§ **Supplied material**

-- Opening Marker --

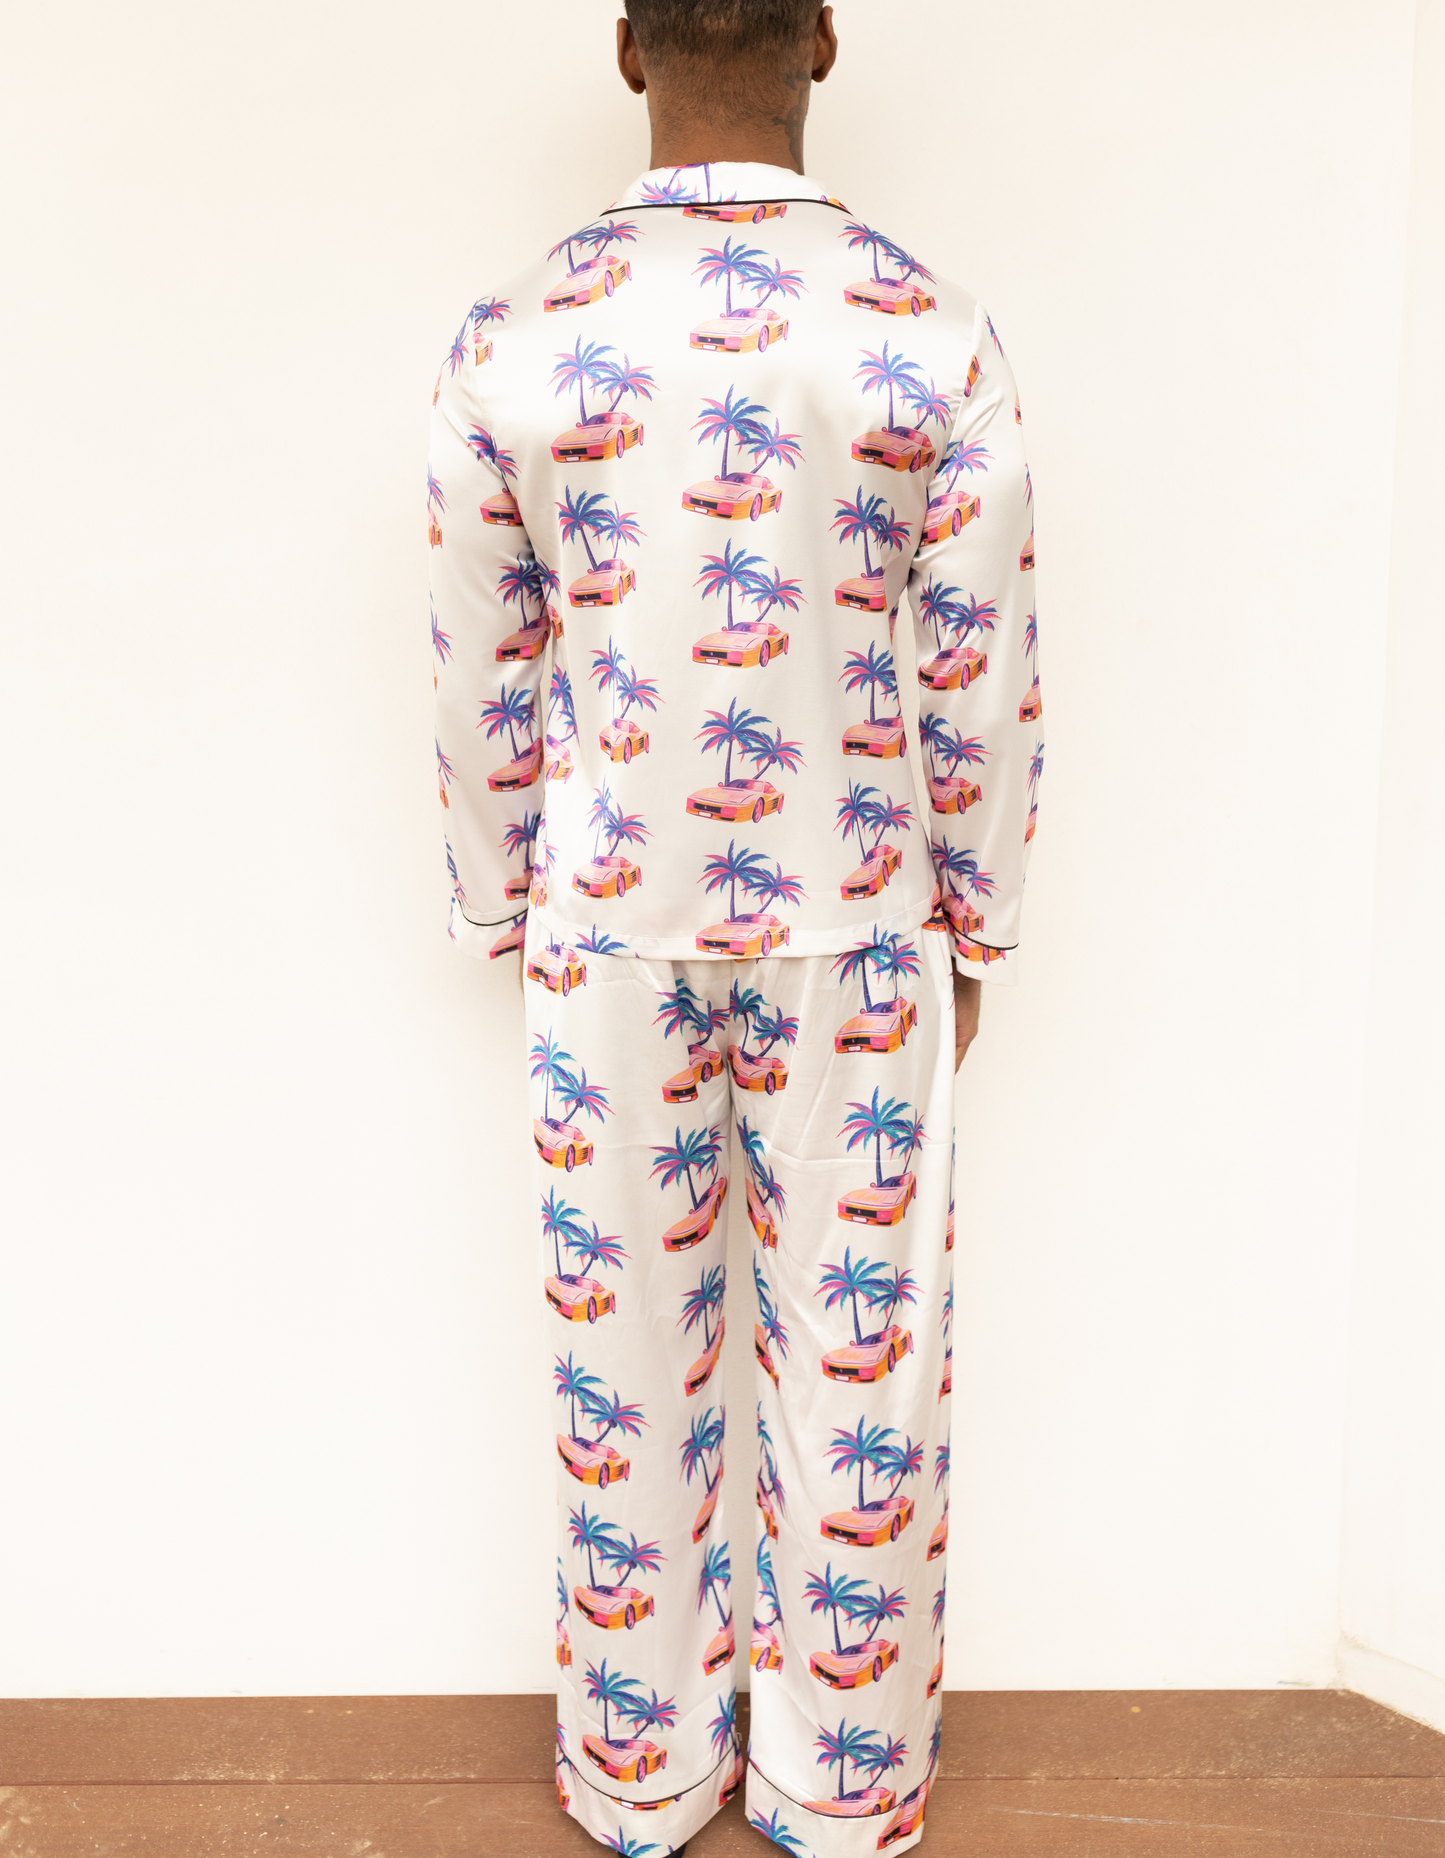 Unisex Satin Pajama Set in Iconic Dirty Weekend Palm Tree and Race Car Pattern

-- Closing Marker --
-- Opening Marker --

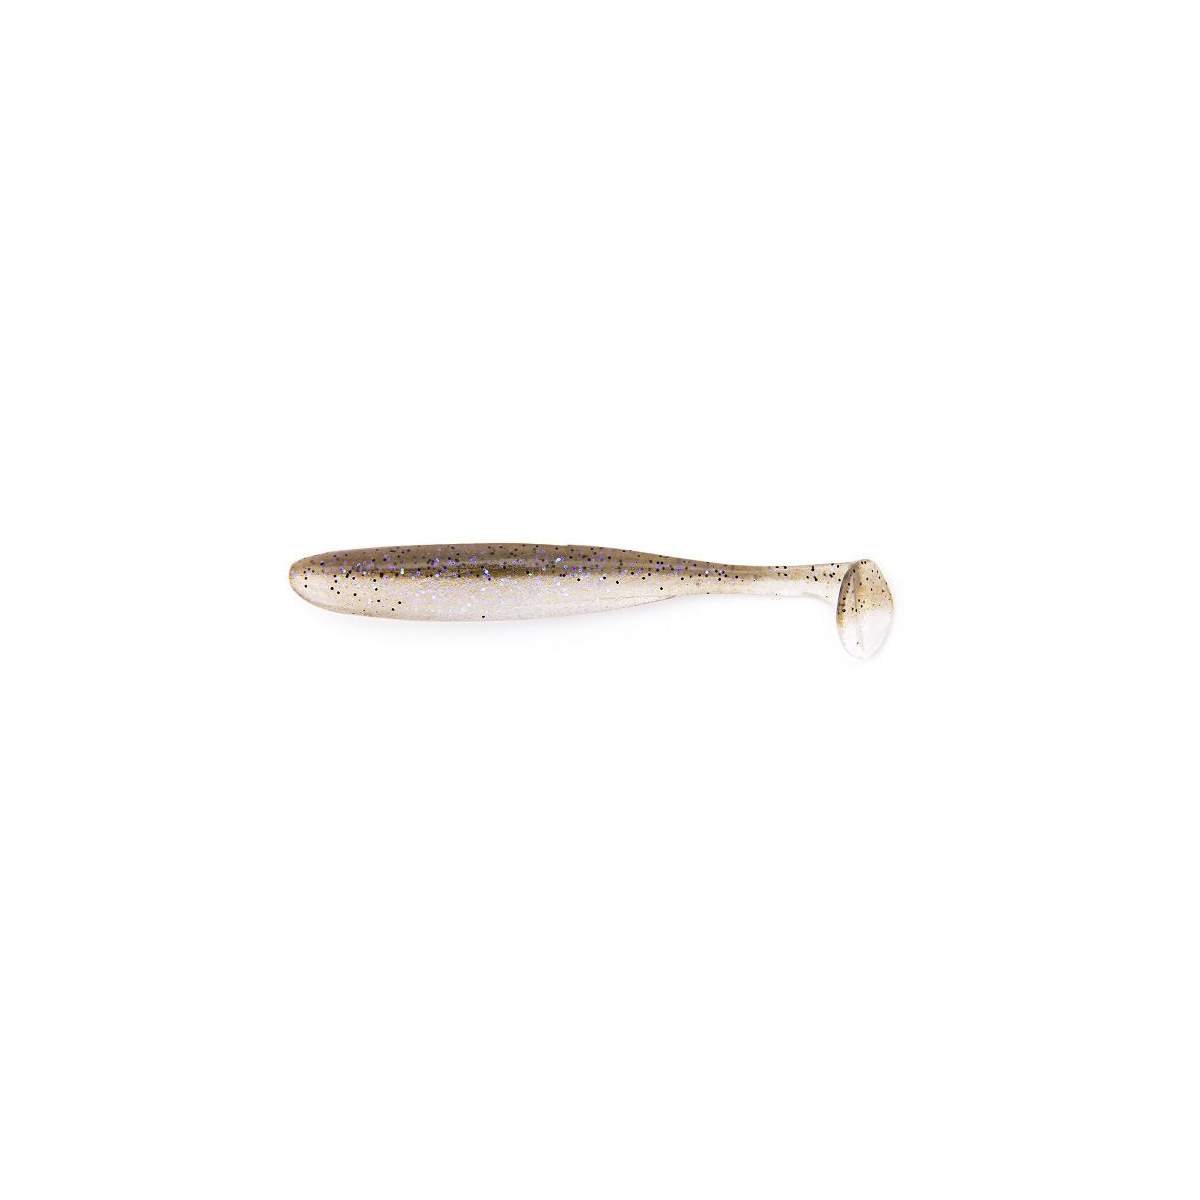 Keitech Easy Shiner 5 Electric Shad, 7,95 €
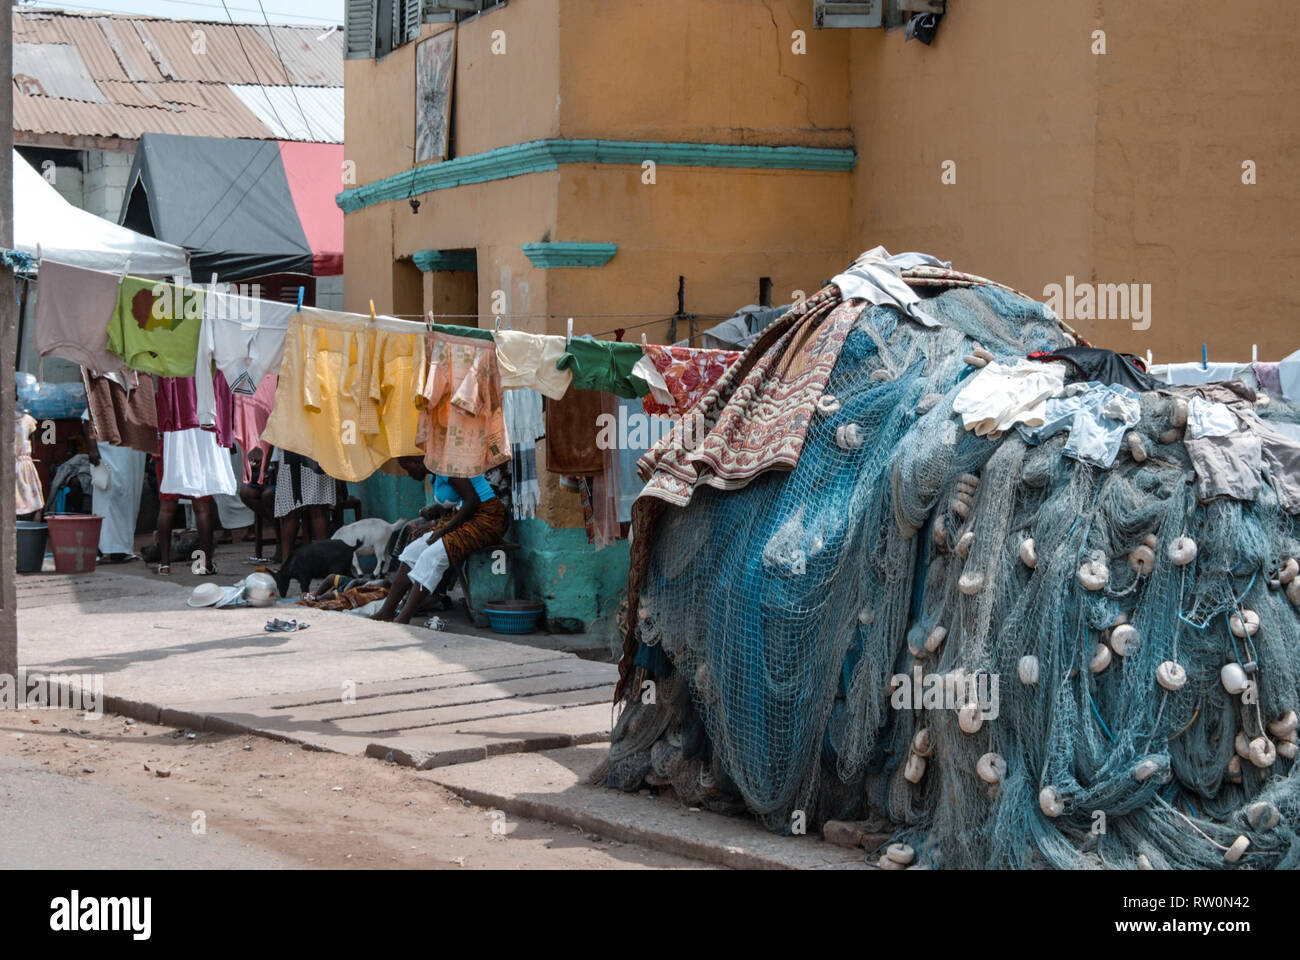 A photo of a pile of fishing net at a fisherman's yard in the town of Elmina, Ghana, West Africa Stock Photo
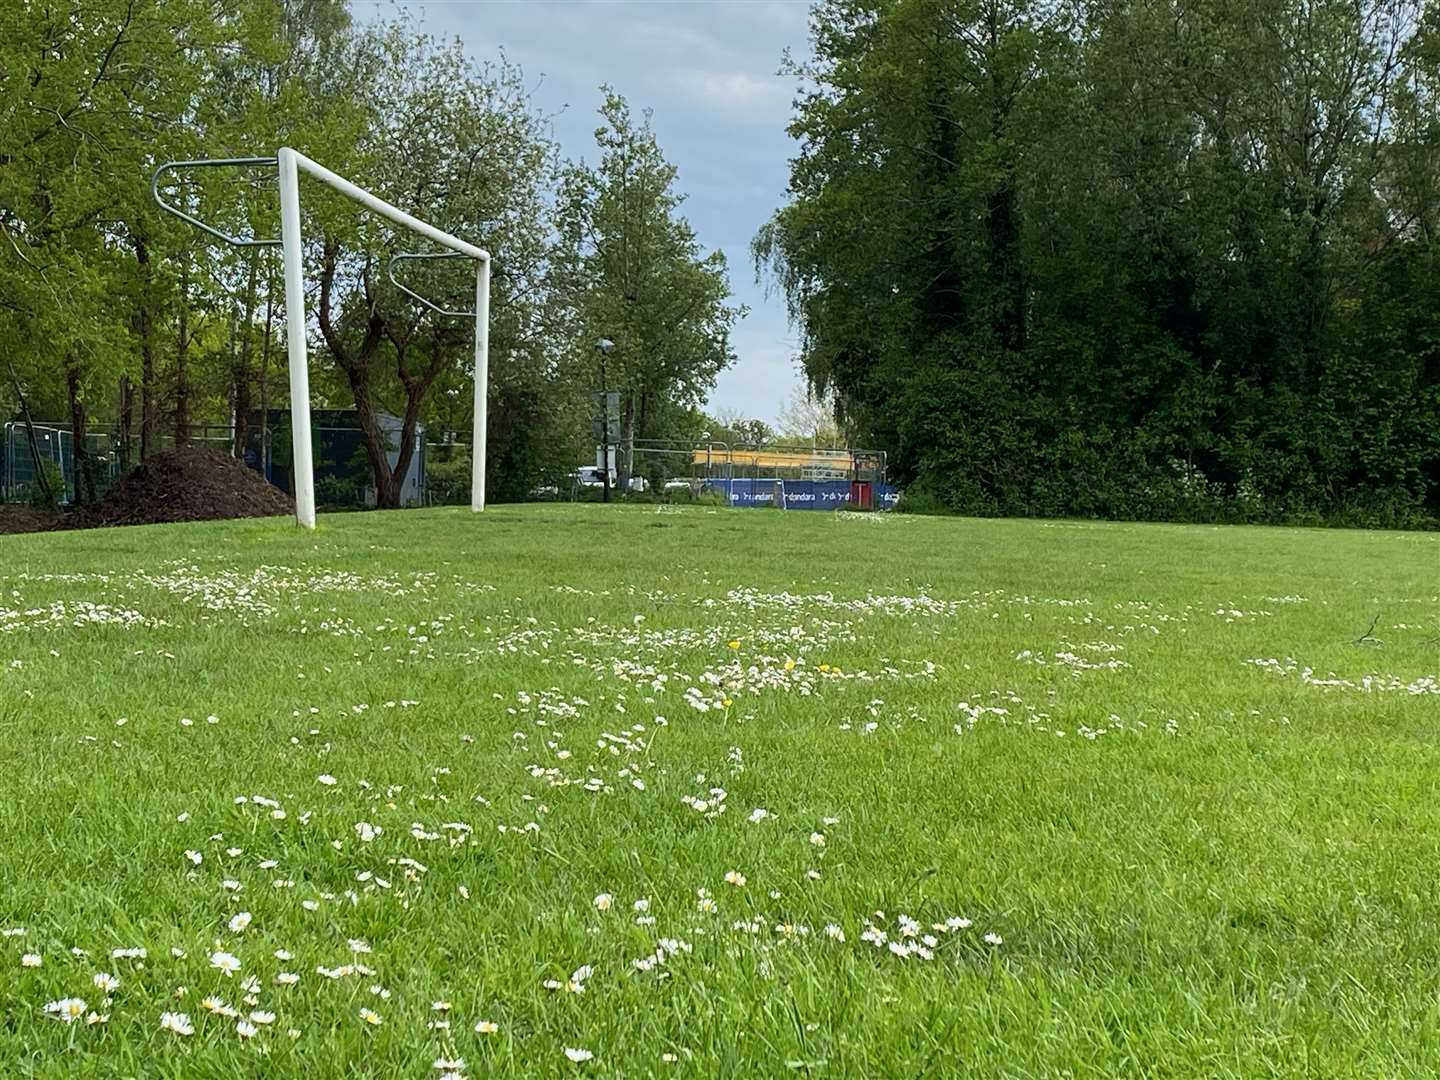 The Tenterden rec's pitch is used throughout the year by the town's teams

-- Closing Marker --

§ **Exercise directions**
Every line above from the one with "Keitech Easy Shiner 5 Electric Shad, 7,95 €" down to the one with "The Tenterden rec's" must be written out exactly, and no picture may appear.

§ **Task output**
 Keitech Easy Shiner 5 Electric Shad, 7,95 €
 A photo of a pile of fishing net at a fisherman's yard in the town of Elmina, Ghana, West Africa Stock Photo
 The Tenterden rec's pitch is used throughout the year by the town's teams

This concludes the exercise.